В действующей ныне в России модели природа рассматривается исключительно в сырьевом, коммерческом или в "рекреативном" плане (при этом предполагается, что "иностранная" природа для "рекреации" предпочтительнее). Не случайно в наших СМИ, насаждающих мещанскую квазикультуру (разбавляя ее поток "игрой в бисер" и постмодернистским арт-хаусом), словно табуированы любые слова о любви к родной природе, а тем более "красоте русской земли", а ее образы возникают ("используются") по большей части в рекламе типа молока "Домик в деревне". Соответственно и классическому искусству явно предпочитаются шоу-бизнес и "актуальное искусство".
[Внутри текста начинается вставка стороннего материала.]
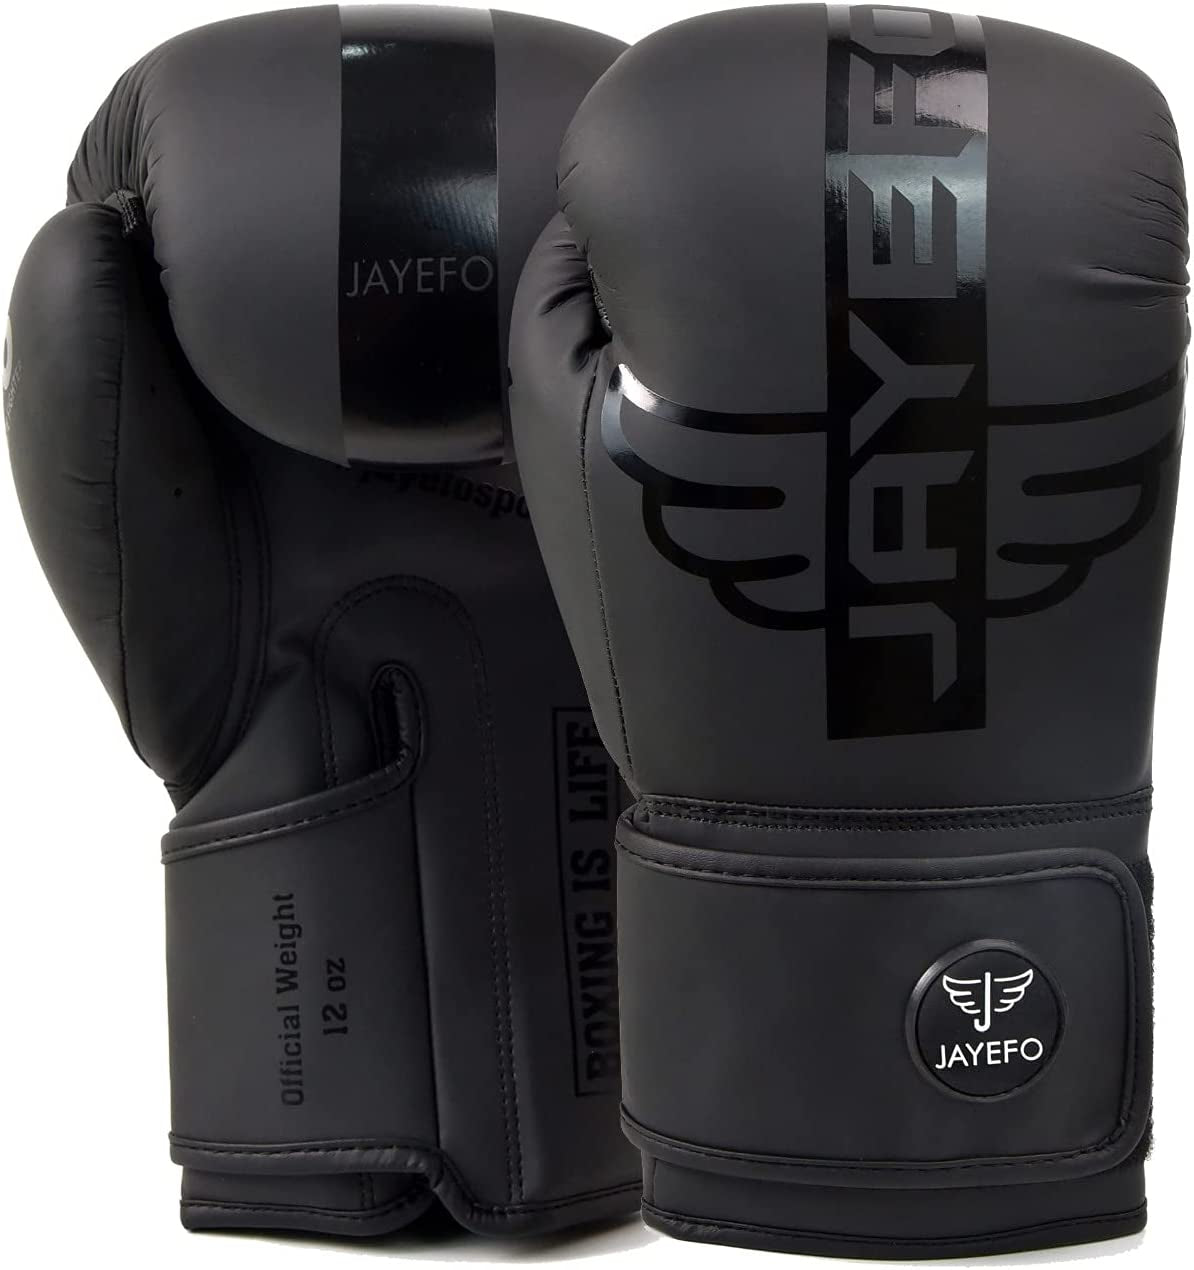 R-6 Boxing Gloves for Men & Women Sparring Heavy Punching Bag MMA Muay Thai Kickboxing Mitts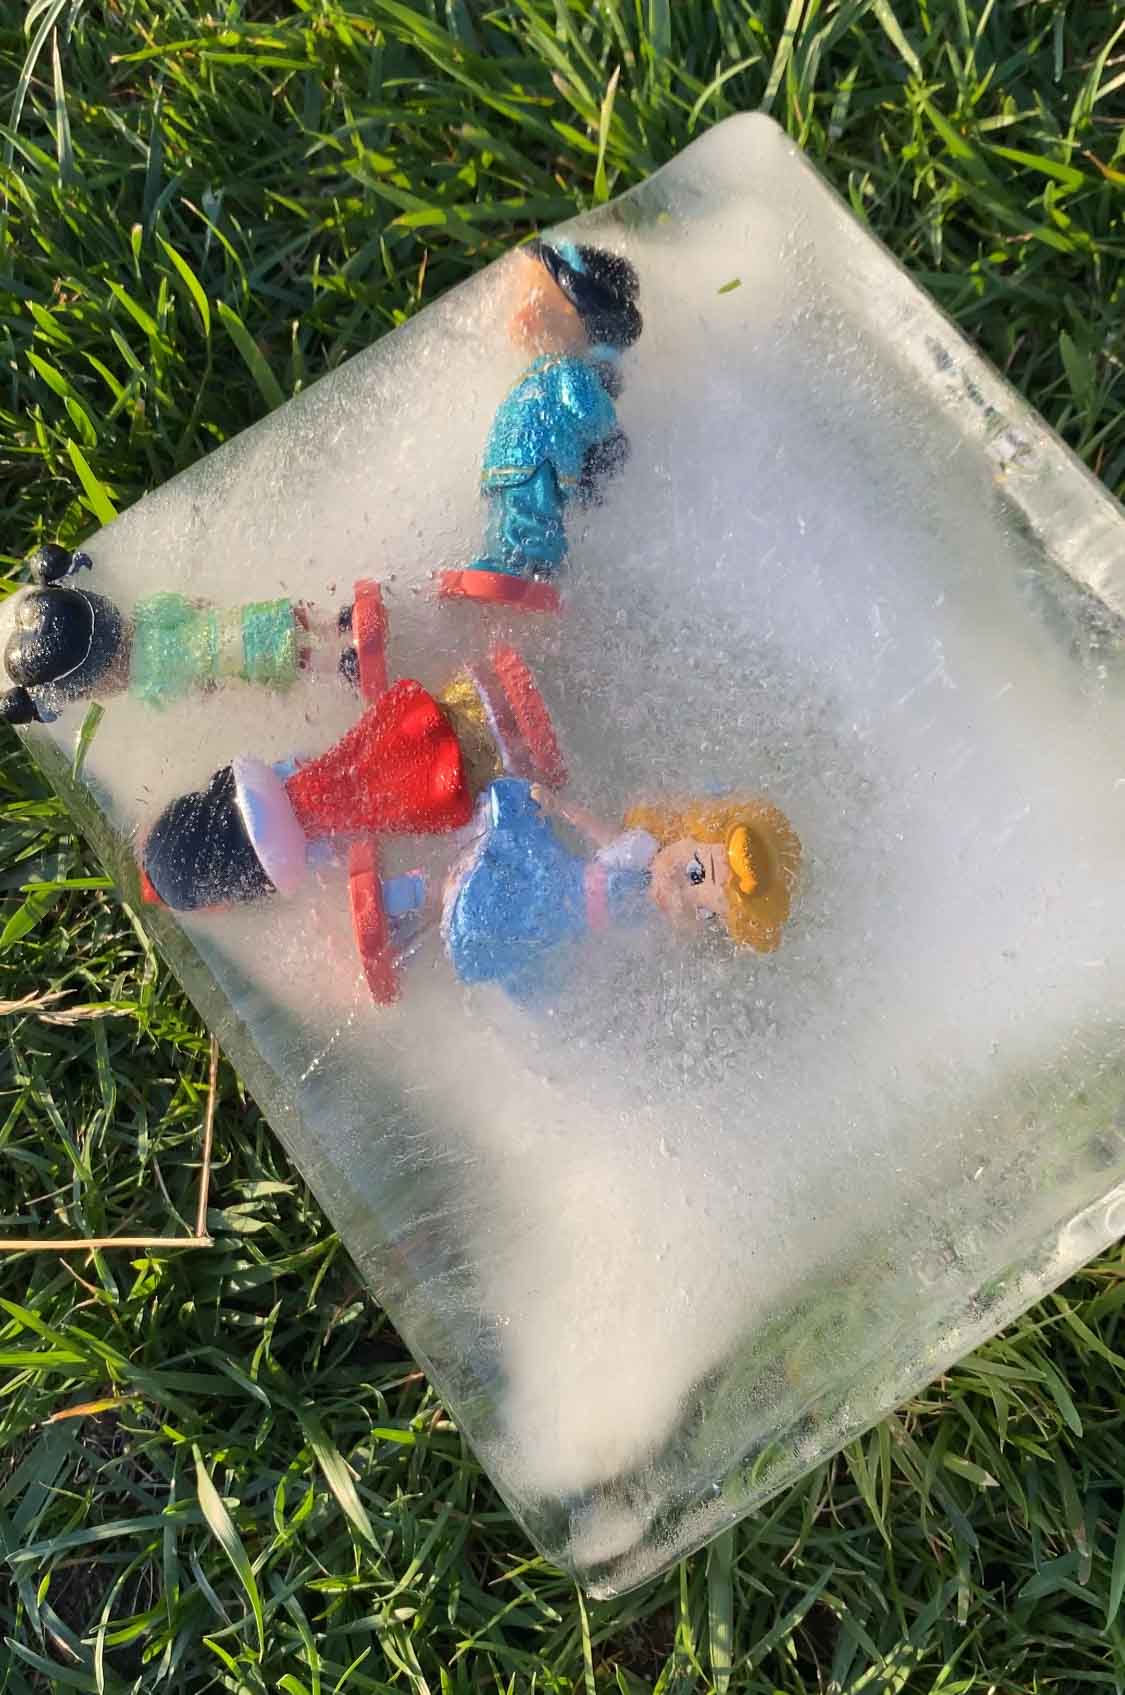 princess figurines frozen in an ice block

Все это "весомо, грубо, зримо" проявило себя и в "левитановском" году, когда горели леса, вновь и вновь происходили экологические бедствия – следствие вопиющего небрежения к Земле, – но выставка художника, столь остро чувствовавшего, что "Земля – это наша душа" (В. Высоцкий), была практически обойдена вниманием и высших лиц государства (как выразилось одно из них – культурки не хватает") и электронных СМИ1.

Сказанное во многом относится и к “материальному" и к собственно историко-художественному, научному аспектам "воспоминаний о Левитане". Едва ли не погибает мастерская Левитана в Москве, где ныне находятся реставрационные мастерские Академии художеств (не посчитавшей нужным – как и Государственный институт искусствознания, – проведение каких-либо научных мероприятий, связанных с двумя круглыми левитановскими датами, хотя в советское время им были бы, несомненно, посвящены и конференции и торжественное заседание на высшем уровне). При этом здание мастерской находится в плачевном состоянии и, как говорят, "едва выдерживает громоздкую мемориальную доску"2.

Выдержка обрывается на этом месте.